# Dataset content
Segment Open

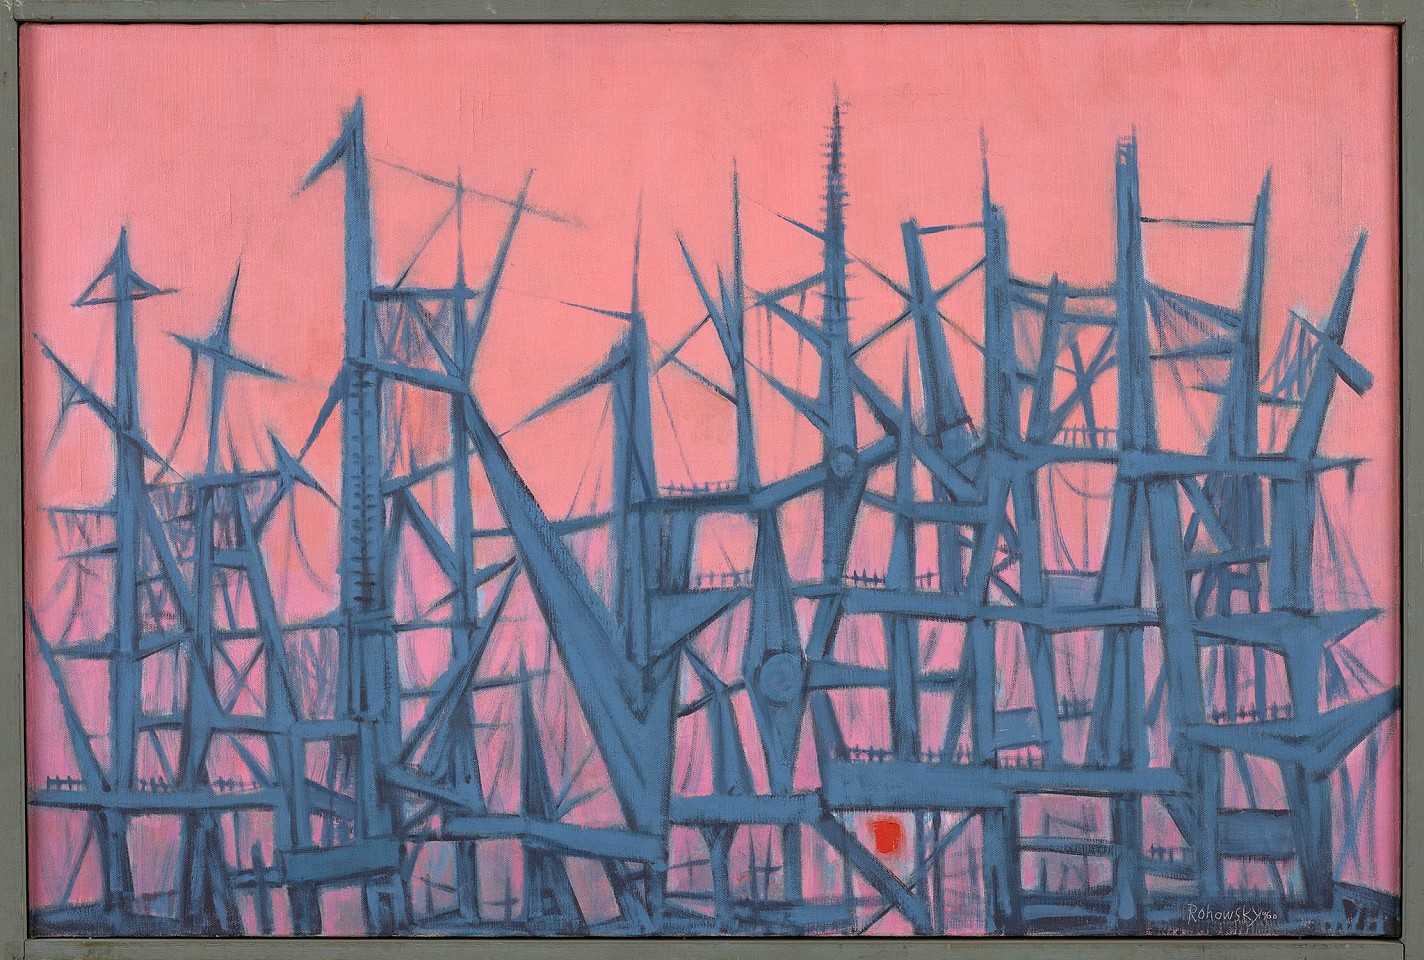 Meyers Rohowsky, NJ Structures, Sunset, c. 1960
Oil on canvas, 25 x 37 1/4 in. (63.5 x 94.6 cm)
ROH-00018
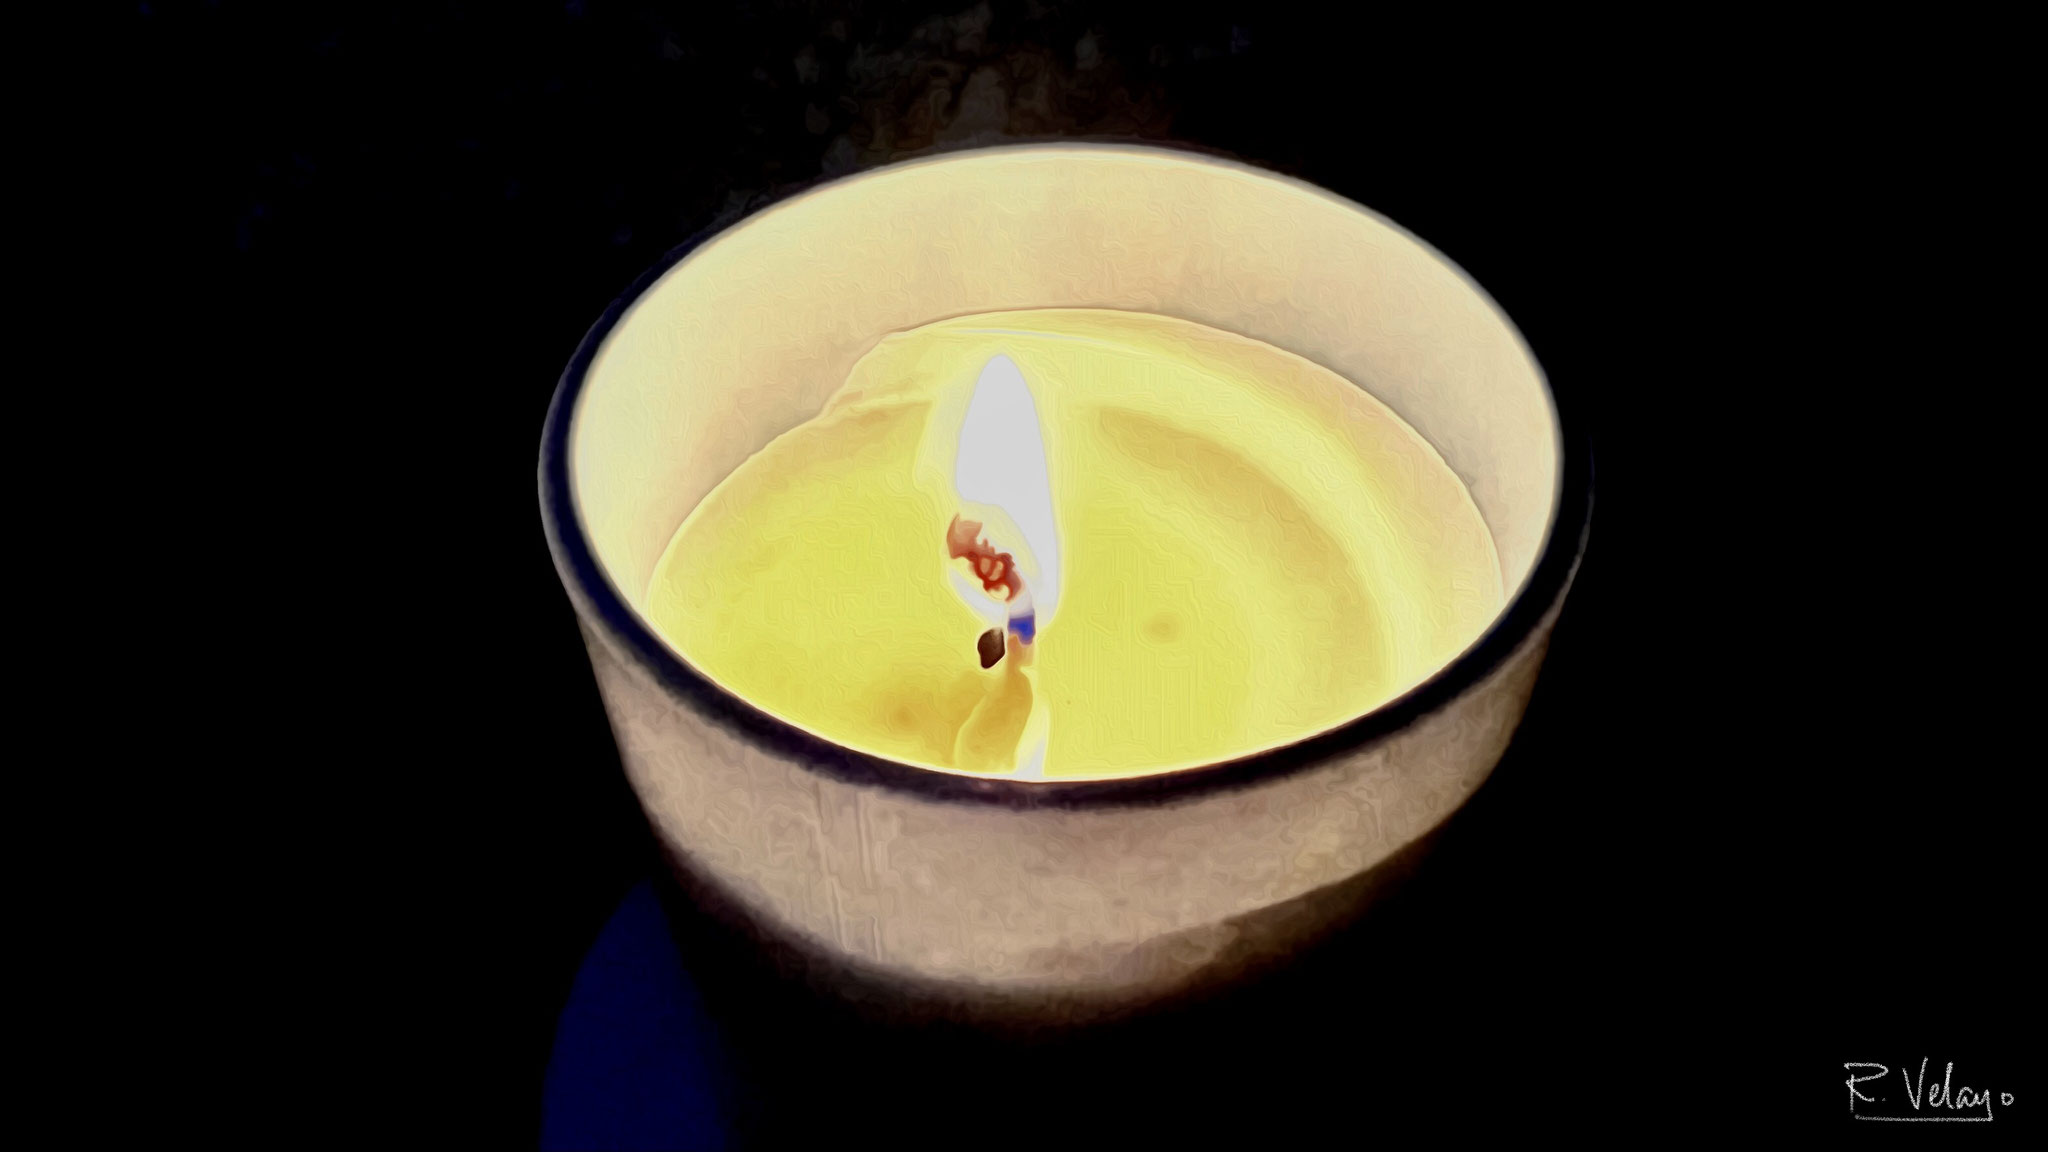 "LIT CANDLE IN GLASS JAR" [Created: 12/05/2021]

Segment Closed

All lines of the material above should be returned unchanged, but no pictures should be included.

 Meyers Rohowsky, NJ Structures, Sunset, c. 1960
Oil on canvas, 25 x 37 1/4 in. (63.5 x 94.6 cm)
ROH-00018
 "LIT CANDLE IN GLASS JAR" [Created: 12/05/2021]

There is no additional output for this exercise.